Volume 57, No. 2 | Allez aux résumés

Articles

Page 159

A process Evaluation of Toronto’s First Youth Mental Health Court
Krista M. Davis, Michele Peterson-Badali, Brian Weagant, and Tracey A. Skilling

Page 189

Spatial Patterns of Crime in Ottawa: The Role of Universities
Elise LaRue and Martin A. Anderson

Page 215

Determinants of Plice Strength in Canadian Cities: Assessing the Impact of Minority Threat
Rick Ruddell and Matthew O. Thomas

Page 253

The Impact of an Intensive Supervision Program on High-Risk Offenders: Manitoba’s COHROU Program
Micheal Weinrath, Mark Doerksen, and Joshua Watts

 

Résumés

 

A Process Evaluation of Toronto’s First Youth Mental Health Court

Krista M. Davis, Michele Peterson-Badali, Brian Weagant, Tracey A. Skilling

Les tribunaux de santé mentale pour les jeunes sont un type de tribunal spécialisé relativement nouveau.
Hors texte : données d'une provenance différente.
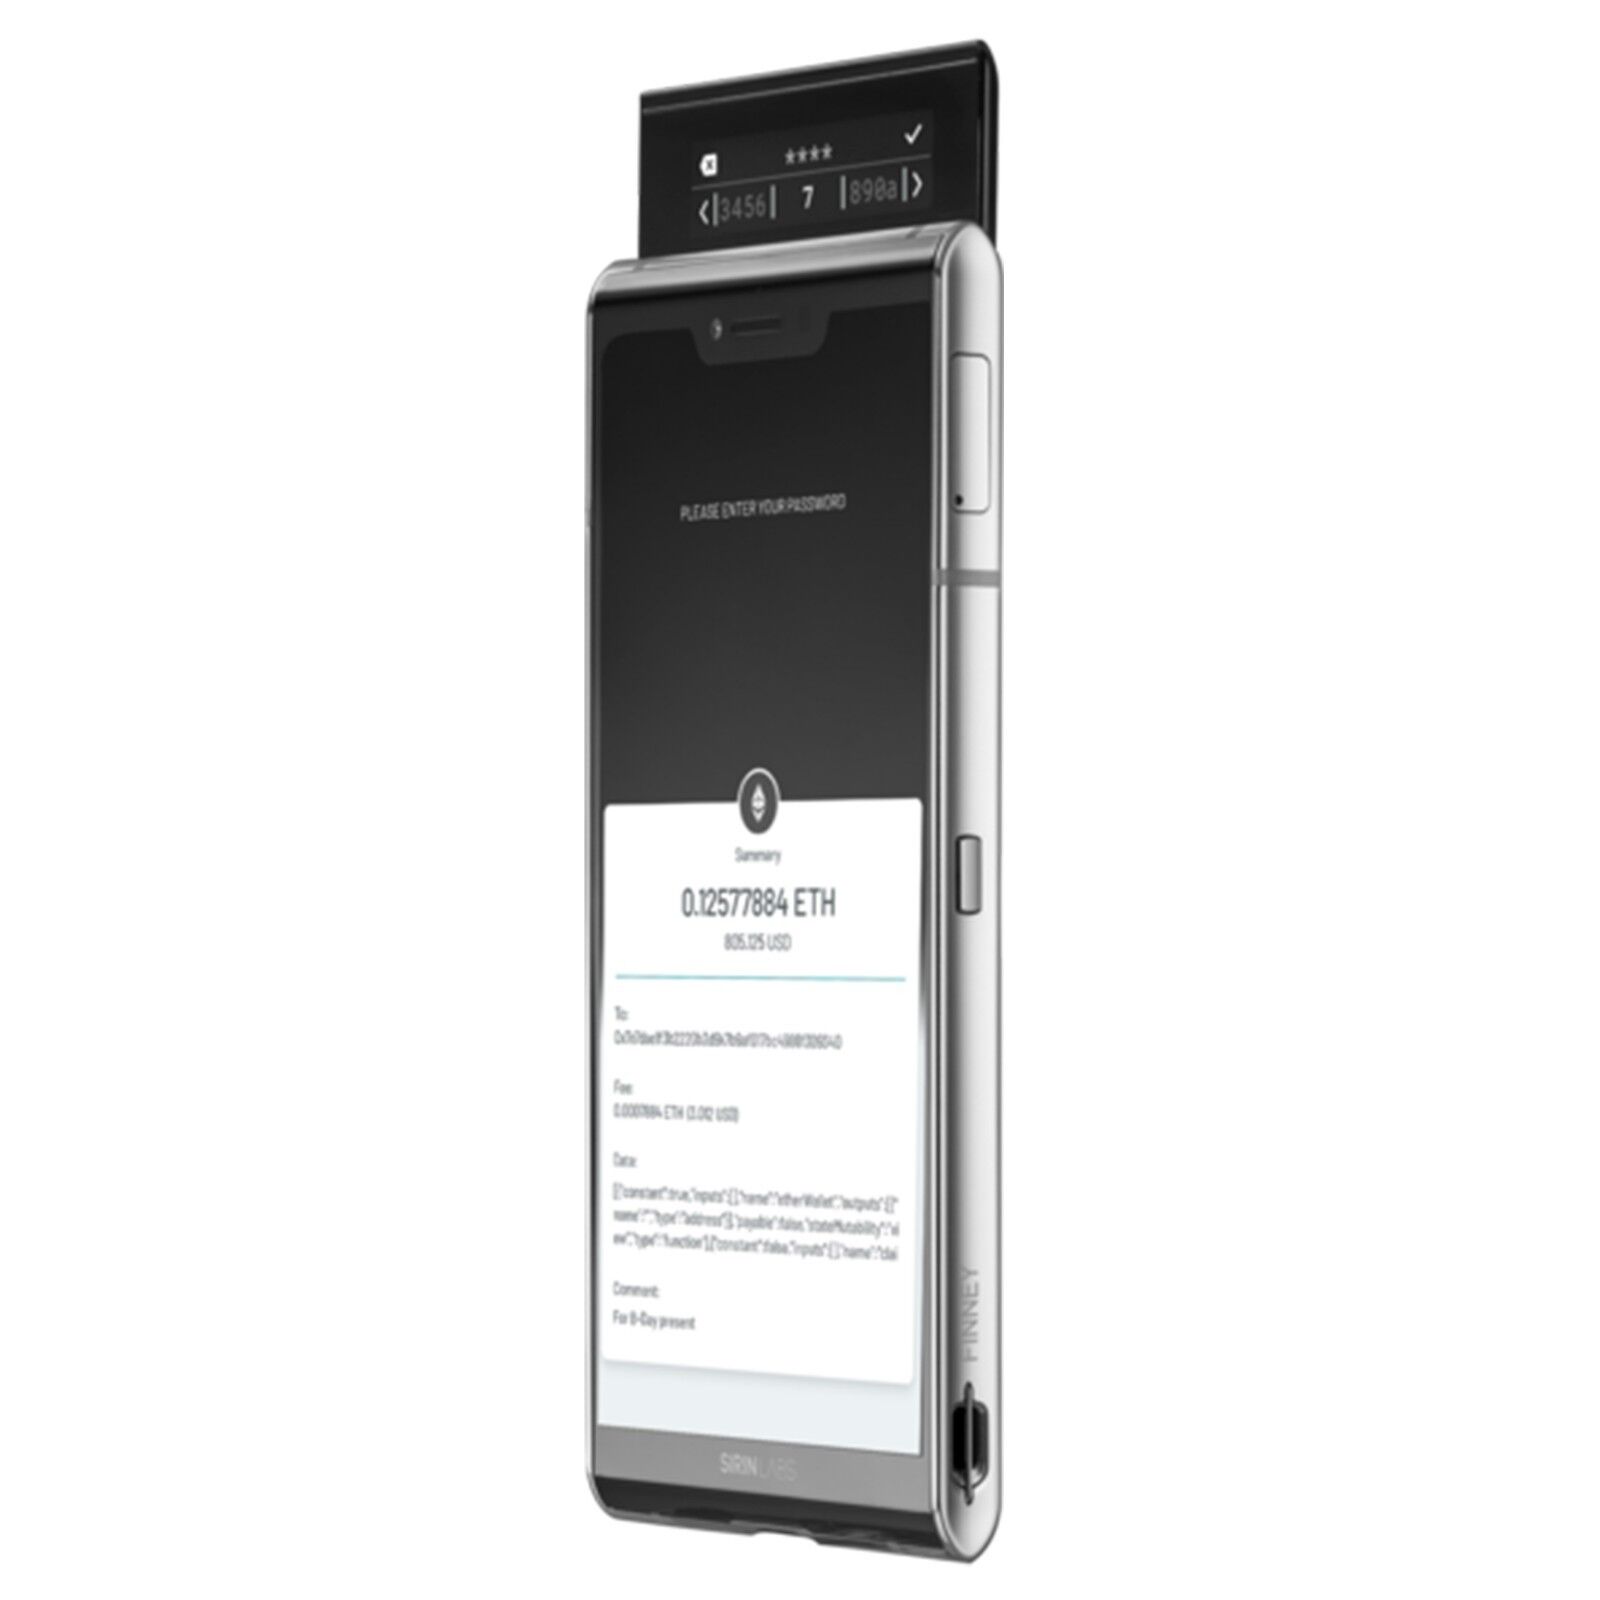 Sirin Labs' $1, cryptocurrency phone arrives this November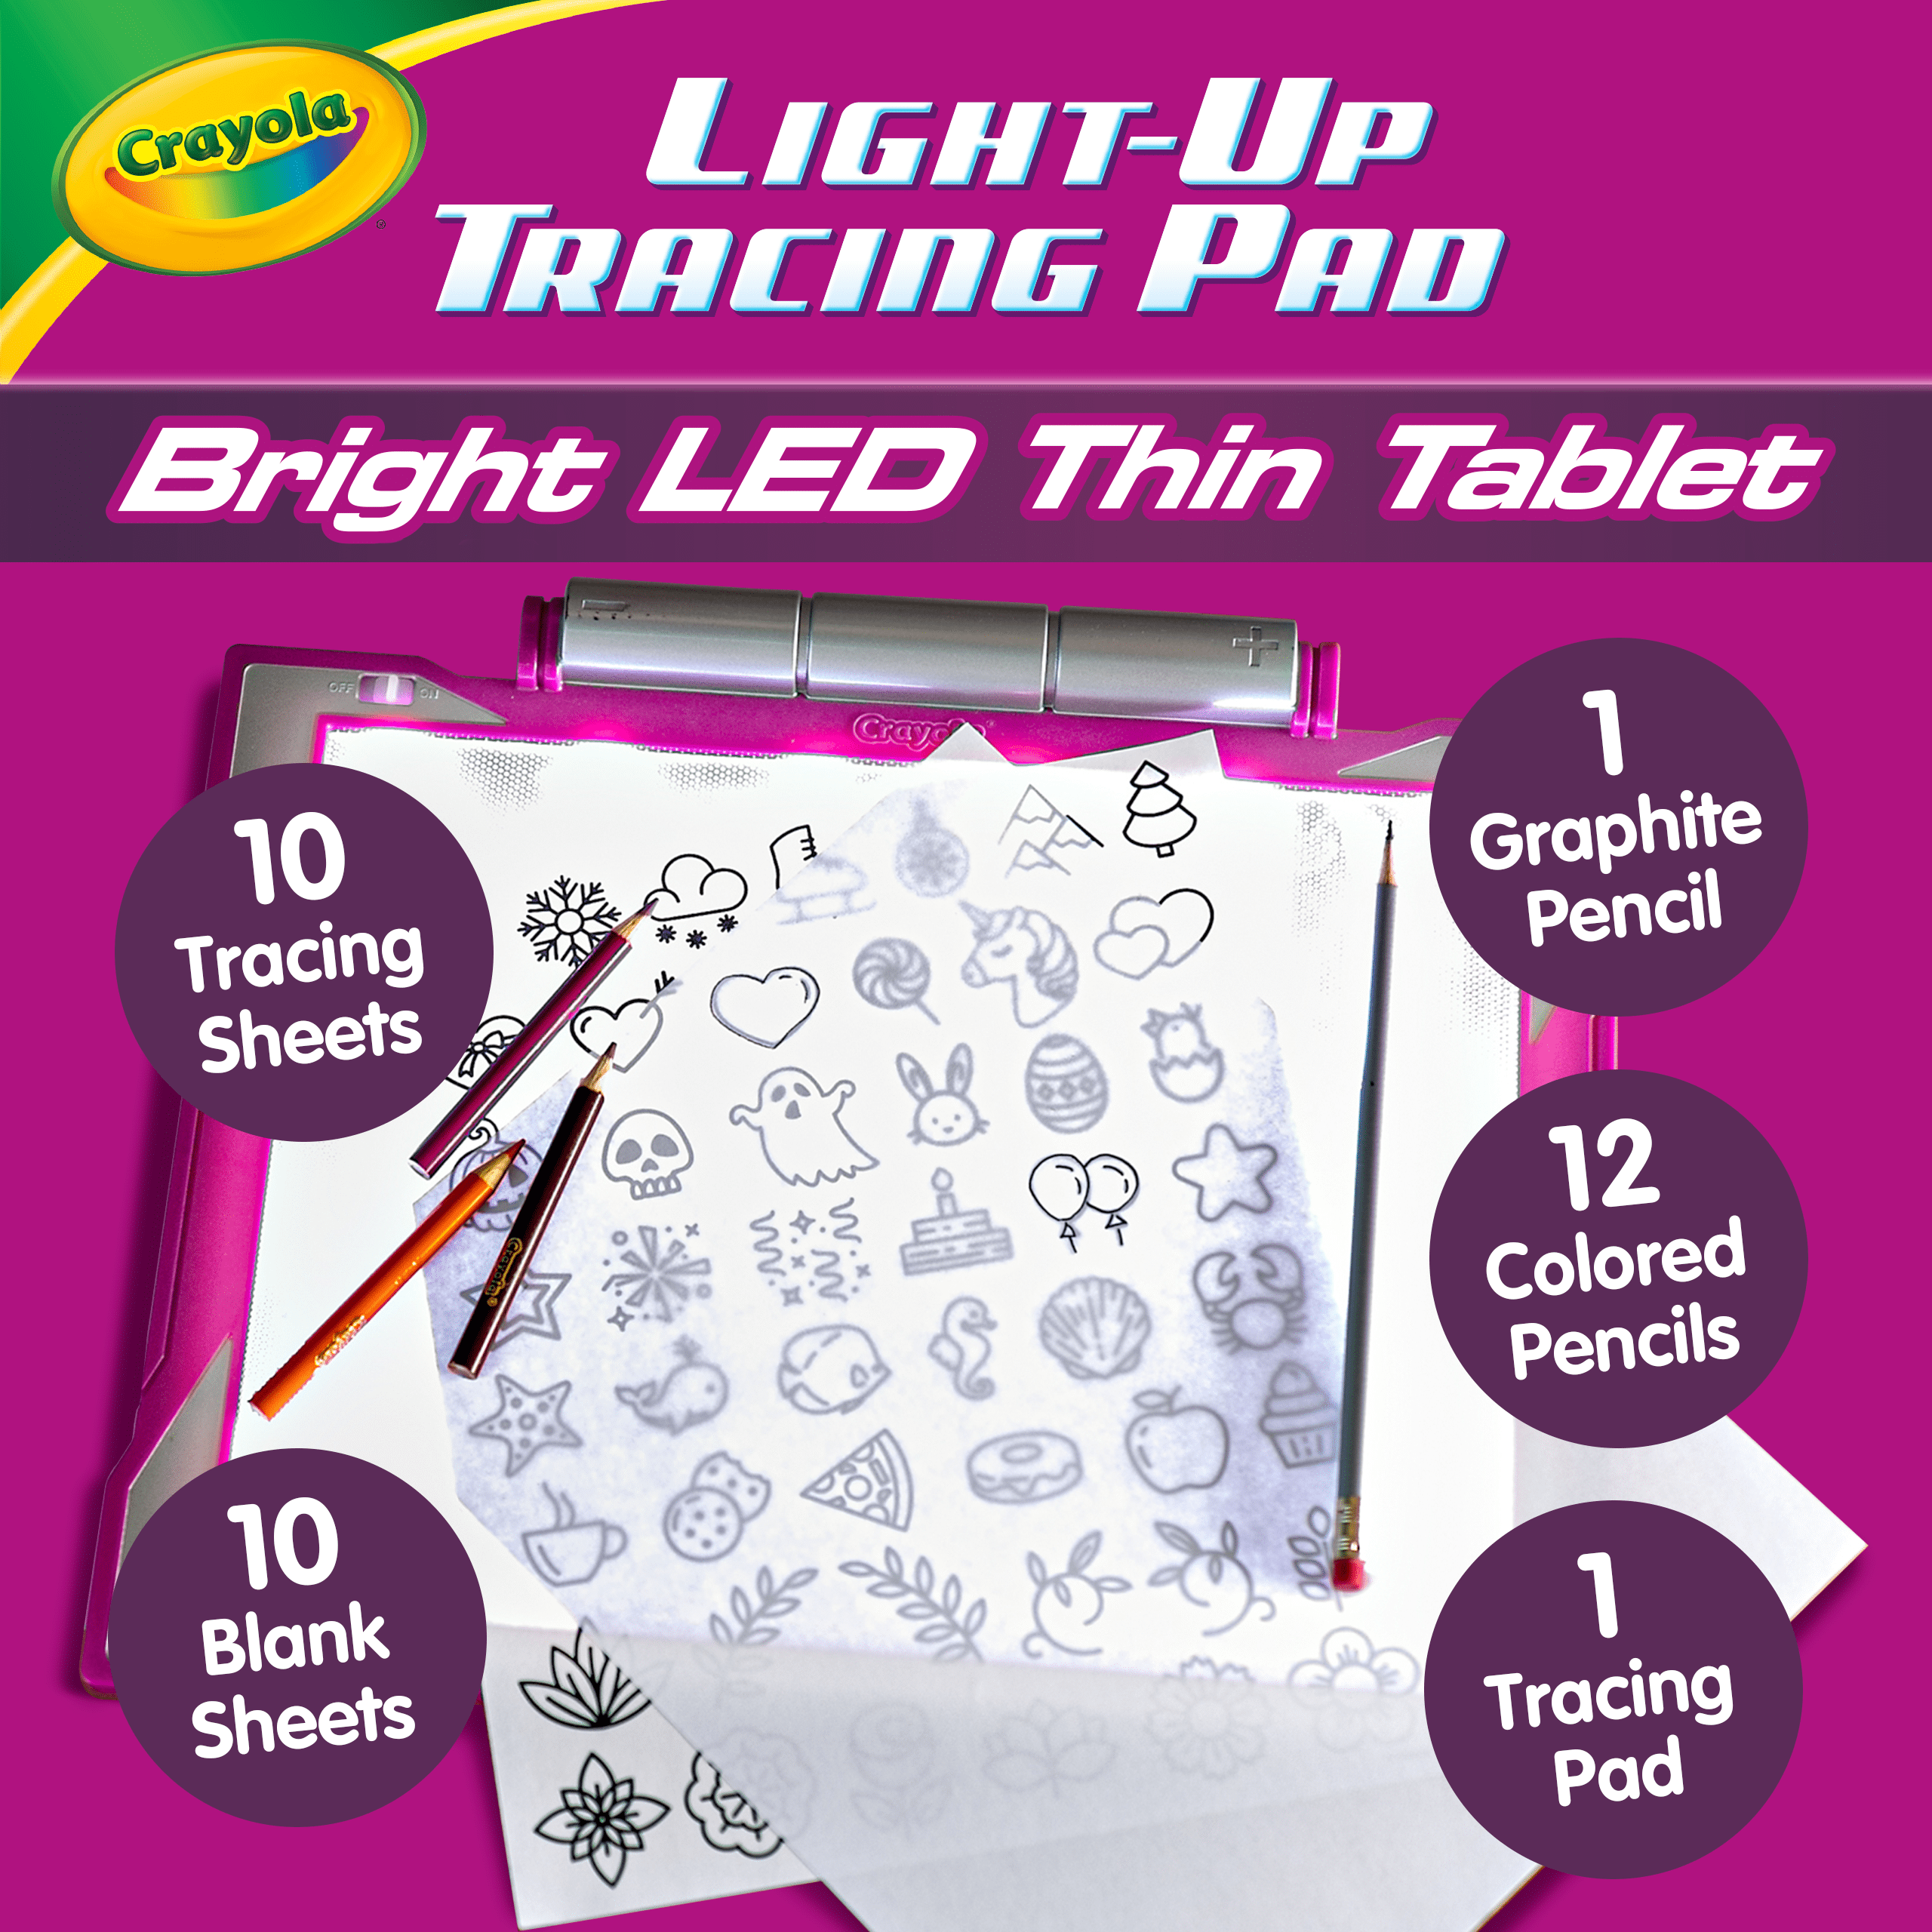 Zyerch Light Up Tracing Pad, Fashion Design Activity Kit for Girls, Eye-Soft Technology, 5 Colored Pencils, Gifts for Children Ages 6, 7, 8, 9, 10

Ils sont conçus pour répondre aux besoins en santé mentale des jeunes ayant des démêlés avec la justice, généralement dans le but de les dissuader de récidiver. Dans le cadre d’une évaluation des processus du premier tribunal de santé mentale pour les jeunes de Toronto, les dossiers de 127 jeunes ayant participé au programme (de 2011 à août 2013) ont été examinés pour (1) décrire le fonctionnement du tribunal et les clients desservis, (2) explorer les variables explicatives de causes réglées et (3) examiner la manière dont le tribunal répond aux besoins criminogènes de ses clients et à ses besoins en matière de santé mentale. La plupart des clients ont satisfait les exigences du tribunal, le temps de traitement d’un dossier étant comparable à celui des tribunaux de la jeunesse « traditionnels ». Ceux dont les causes étaient réglées avaient plus de chance d’avoir un diagnostic de troubles mentaux et une plus grande motivation à recevoir le traitement initial. La moitié de ces jeunes a reçu le traitement ciblant leurs besoins en matière de santé mentale. L’analyse d’un sous-échantillon de dossiers a indiqué que, pour la plupart des jeunes, les questions de santé mentale étaient indirectement reliées à leurs infractions, ce qui souligne le besoin de répondre non seulement aux besoins en matière de santé mentale, mais aussi aux besoins criminogènes dans les tribunaux. Les résultats sont examinés en lien avec les meilleures pratiques pour traiter les jeunes ayant des démêlés avec la justice et ayant des besoins en matière de santé mentale.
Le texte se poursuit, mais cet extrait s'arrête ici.